Start of DATA BELOW

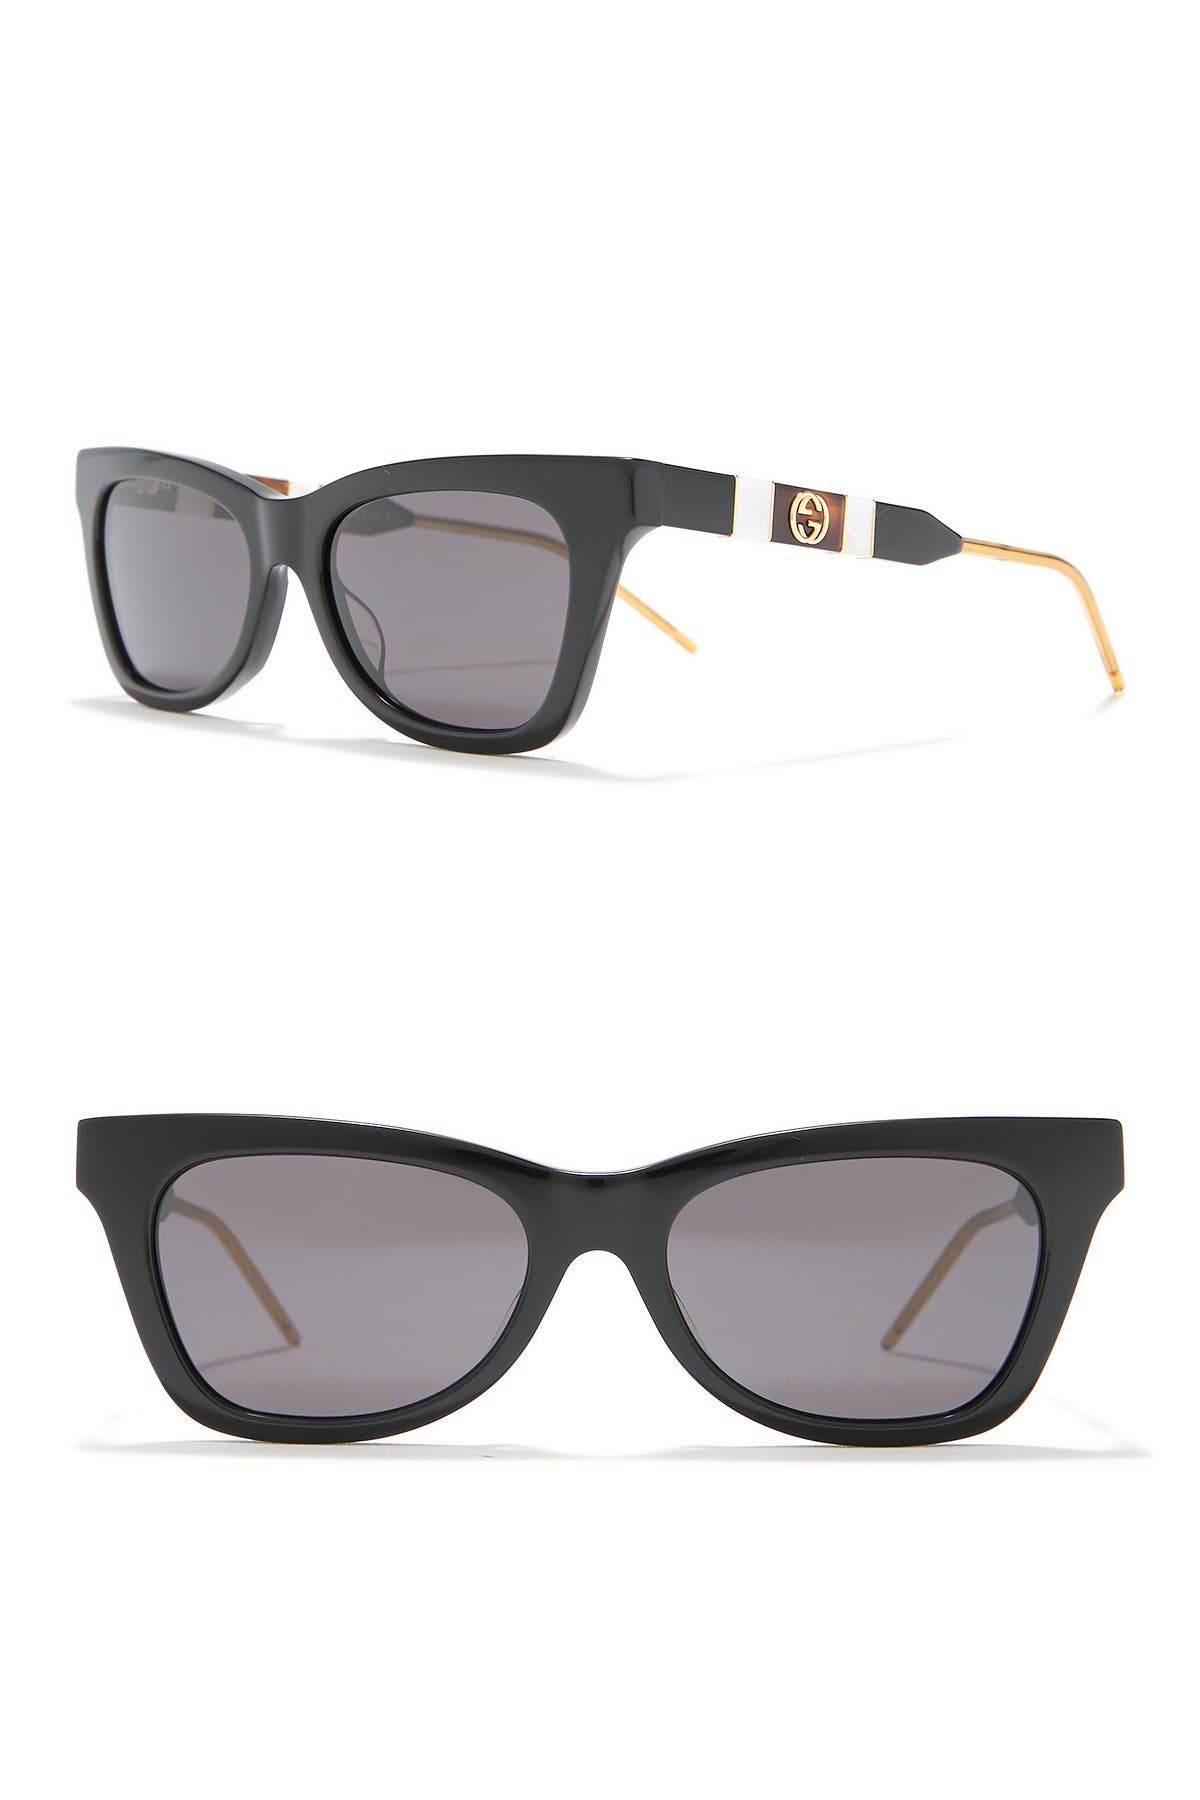 gucci 53mm cat eye sunglasses
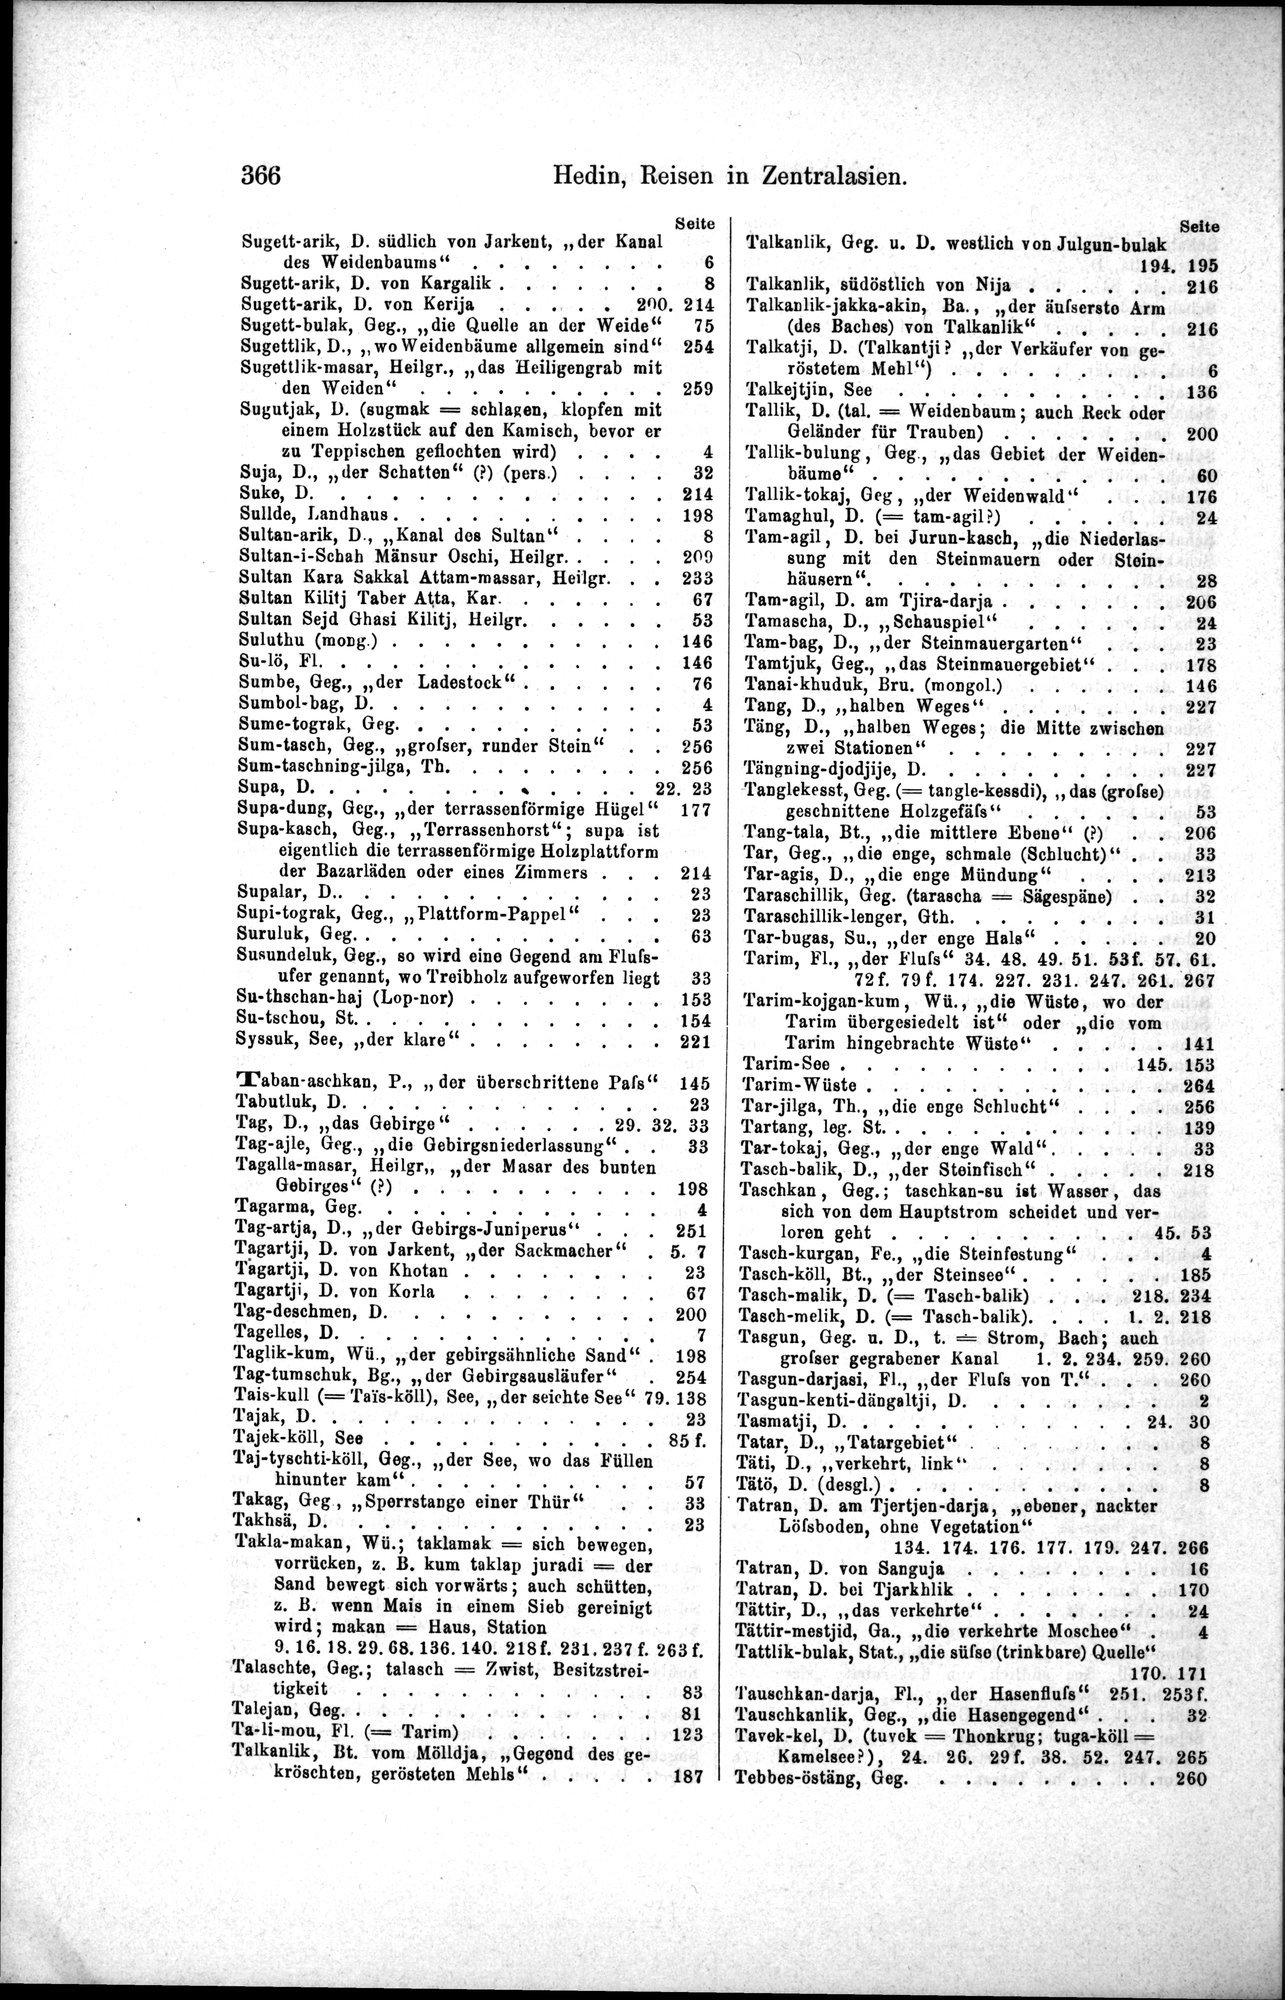 Die Geographische-Wissenschaftlichen Ergebnisse meiner Reisen in Zentralasien, 1894-1897 : vol.1 / Page 378 (Grayscale High Resolution Image)
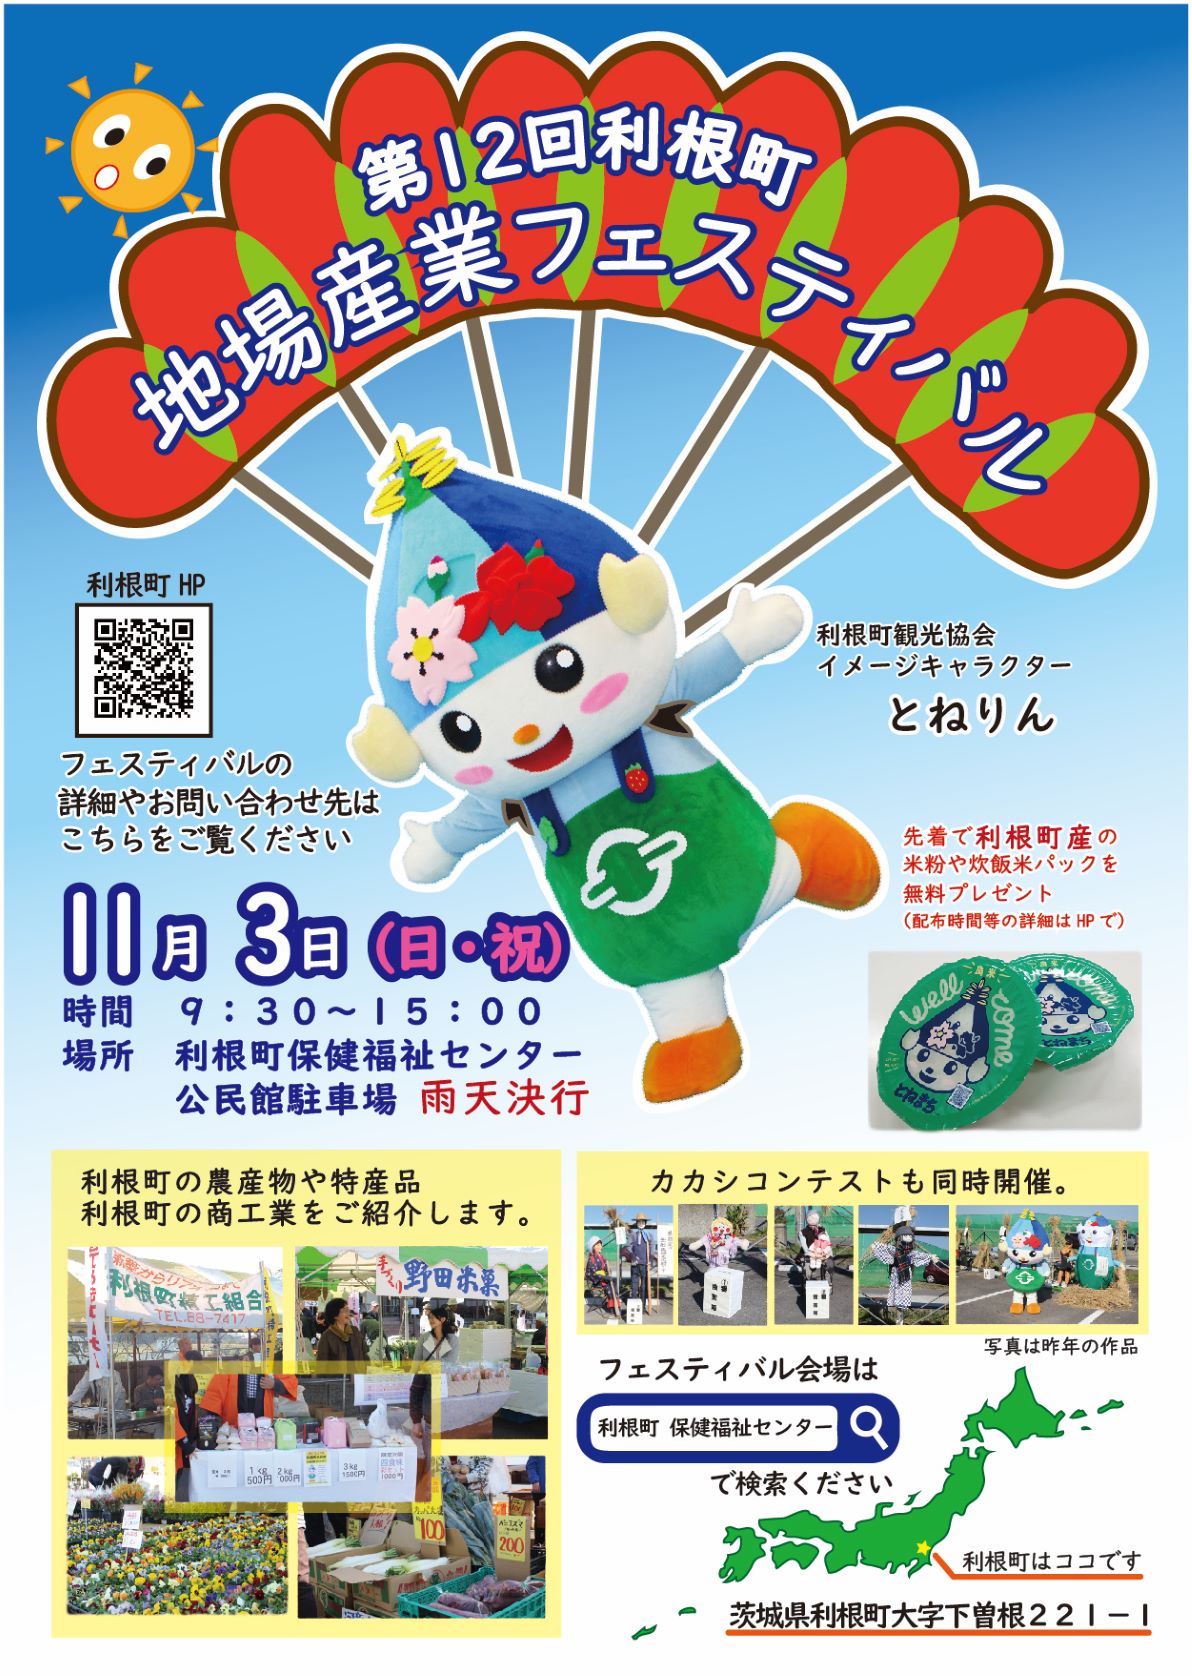 茨城県利根町 地場産業フェスティバル 今年も開催します！ | 移住関連イベント情報

End of DATA BELOW

▸ INSTRUCTIONS TO FOLLOW
Return each of the lines exactly as they appear above, with no images.

▸ ANSWER SECTION
 gucci 53mm cat eye sunglasses
 Die Geographische-Wissenschaftlichen Ergebnisse meiner Reisen in Zentralasien, 1894-1897 : vol.1 / Page 378 (Grayscale High Resolution Image)
 茨城県利根町 地場産業フェスティバル 今年も開催します！ | 移住関連イベント情報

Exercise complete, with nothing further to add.